Alexander exhaló profundamente, como si el simple hecho de escuchar su nombre en los labios de Gabriella le obligara a soltar un poco las defensas que siempre mantenía en alto. "Lex" no cargaba con el peso de sus títulos, ni con la maldición que lo había atormentado durante siglos. En la voz de Gabriella, era solo un nombre, y se sentía como una especie de ancla, algo que lo mantenía conectado a ella, a este momento.
"Lex", esa forma de llamarlo hacia que una parte de sí mismo bajara las defensas, algo que no había hecho en siglos. Había algo en la manera en que ella pronunciaba su nombre que lo anclaba al presente, al aquí y ahora, obligándolo a sentir. Era un pequeño paso, pero en alguien como Alexander, un paso así significaba mucho más de lo que él mismo estaba dispuesto a admitir.
—Haz lo que quieras —murmuró Alexander con una resignación que sonaba fría, pero Gabriella pudo percibir algo diferente. Aunque su tono fuera duro, había un ligero cambio en él. Como si, por primera vez, estuviera dando un pequeño paso hacia adelante, dejando que ella se acercara, algo casi imperceptible pero muy significativo para alguien que había pasado tanto tiempo levantando muros a su alrededor.
Gabriella lo rodeó con sus brazos, sintiendo la rigidez de su cuerpo al principio, la resistencia instintiva que aún se mantenía como si su cercanía fuera algo que debía rechazar. Apoyó su cabeza suavemente contra su pecho, escuchando el latido fuerte y errático de su corazón. Al principio, no estaba segura de si él la dejaría quedarse así, pero entonces, de manera casi imperceptible, Alexander bajó los brazos y la rodeó con ellos, un abrazo que al principio fue inseguro, pero que poco a poco se fue volviendo más firme.

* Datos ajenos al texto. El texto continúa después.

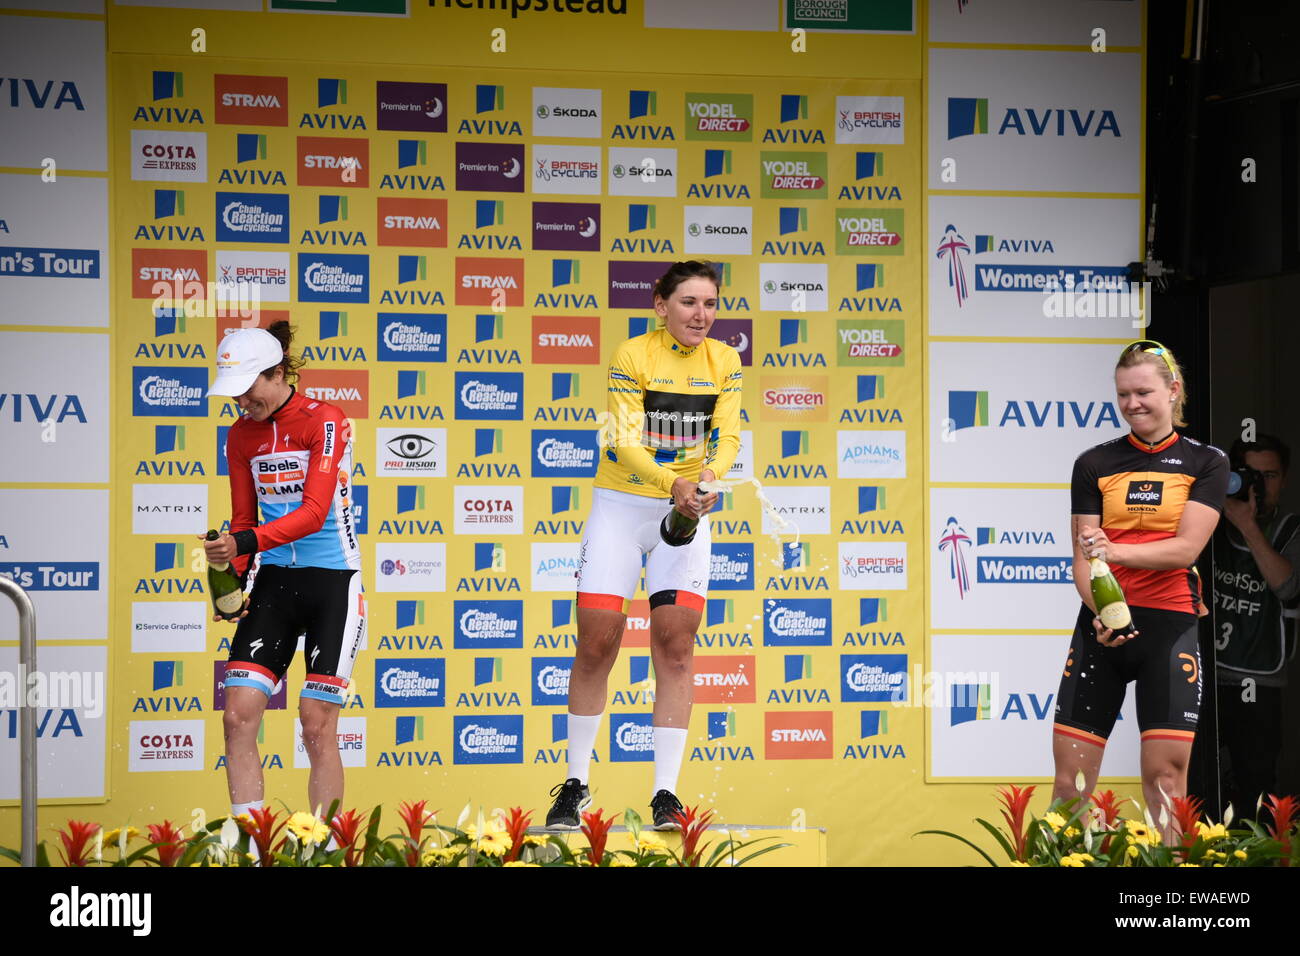 Aviva WT Frauen Cycling Tour Präsentation der Gewinner am Ende eine 5-stufige 5-Tages-Veranstaltung im Juni 2015 in England UK statt. Stockfoto

El calor de su cuerpo la envolvió, una sensación que contrastaba con el frío de la noche. Gabriella cerró los ojos, dejándose llevar por el aroma de su piel, ese rastro tenue que había llegado a asociar con él, con la oscuridad que lo rodeaba, pero también con algo más profundo, algo humano y visceral. Podía sentir su respiración pesada sobre su cabello, el leve susurro de su exhalación en su oído mientras él se permitía, aunque solo por un instante, bajar la guardia.
El simple acto de abrazarla se sentía como una lucha interna. Alexander estaba tan acostumbrado a mantener la distancia que el solo hecho de permitirle estar cerca era un reto monumental. Pero había algo en Gabriella que rompía sus barreras, algo que lo obligaba a aceptar que no estaba tan solo como siempre había creído.
—No sé cómo llegamos aquí —murmuró Gabriella, su voz casi apagada por el latido constante del pecho de Alexander—. Pero siento que no me he sentido tan... cerca de alguien en mucho tiempo. Quizás nunca.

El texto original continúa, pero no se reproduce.